Literature DB >> 7650492

Cross-priming of minor histocompatibility antigen-specific cytotoxic T cells upon immunization with the heat shock protein gp96.

D Arnold1, S Faath, H Rammensee, H Schild.   

Abstract

Vaccination of mice with heat shock proteins isolated from tumor cells induces immunity to subsequent challenge with those tumor cells the heat shock protein was isolated from but not with other tumor cells (Udono, H., and P.K. Srivastava. 1994. J. Immunol. 152:5398-5403). The specificity of this immune response is caused by tumor-derived peptides bound to the heat shock proteins (Udono., H., and P.K. Srivastava. 1993. J. Exp. Med. 178:1391-1396).
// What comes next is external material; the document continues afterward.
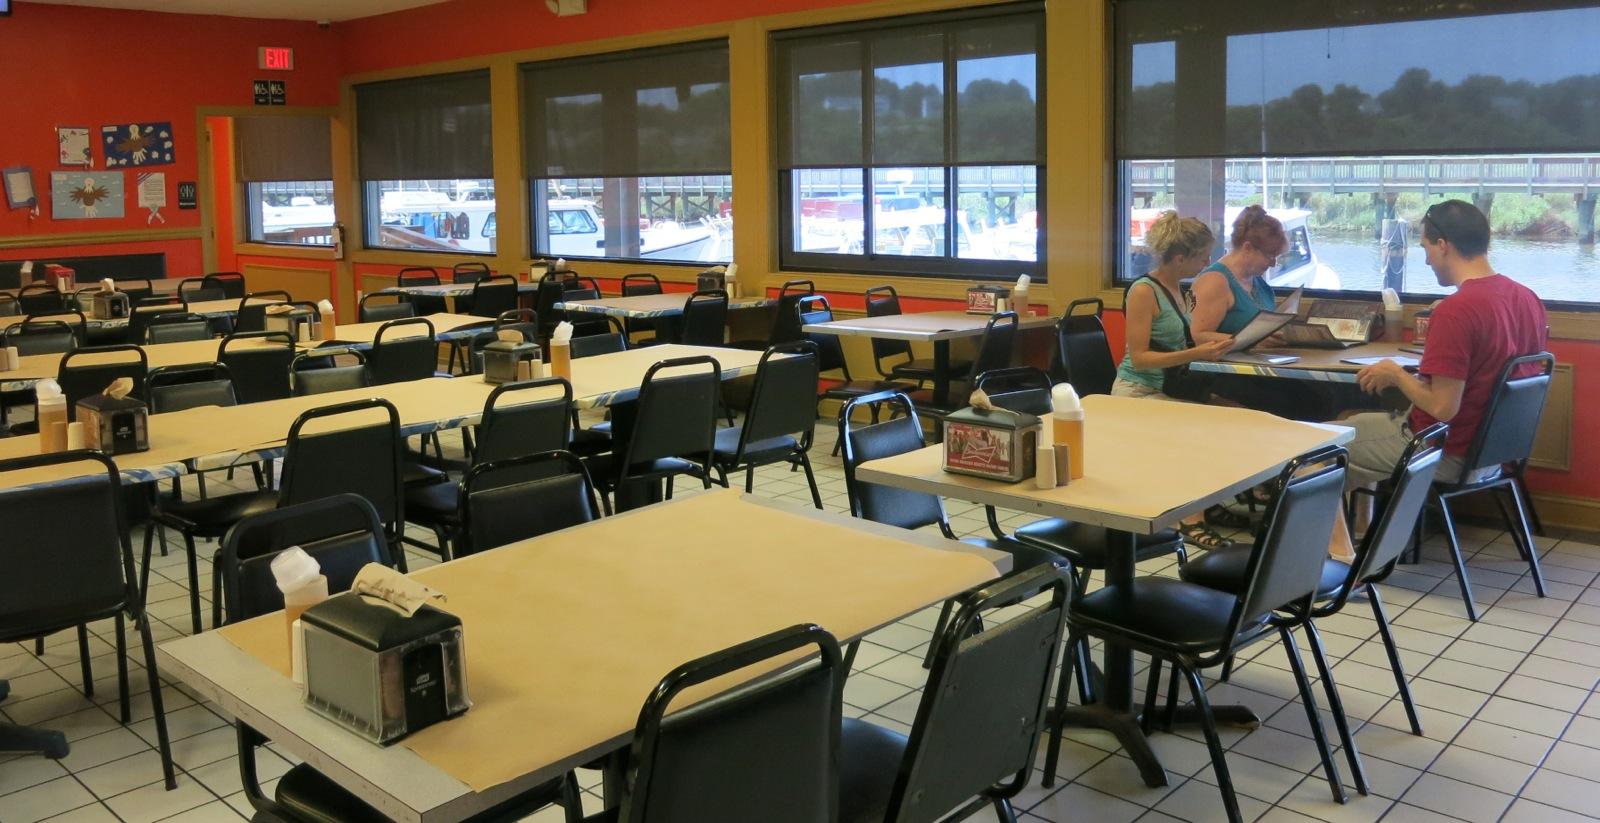 Abner S Restaurant In Chesapeake Beach Md

Our experiments show that a single immunization with the heat shock protein gp96 isolated from beta-galactosidase (beta-gal) expressing P815 cells (of DBA/2 origin) induces cytotoxic T lymphocytes (CTLs) specific for beta-gal, in addition to minor H antigens expressed by these cells. CTLs can be induced in mice that are major histocompatibility complex (MHC) identical to the gp96 donor cells (H-2d) as well as in mice with a different MHC (H-2b). Thus gp96 is able to induce "cross priming" (Matzinger, P., and M.J. Bevan. 1977. Cell. Immunol. 33:92-100), indicating that gp96-associated peptides are not limited to the MHC class I ligands of the gp96 donor cell. Our data confirm the notion that samples of all cellular antigens presentable by MHC class I molecules are represented by peptides associated with gp96 molecules of that cell, even if the fitting MHC molecule is not expressed. In addition, we extend previous reports on the in vivo immunogenicity of peptides associated gp96 molecules to two new groups of antigens, minor H antigens, and proteins expressed in the cytosol.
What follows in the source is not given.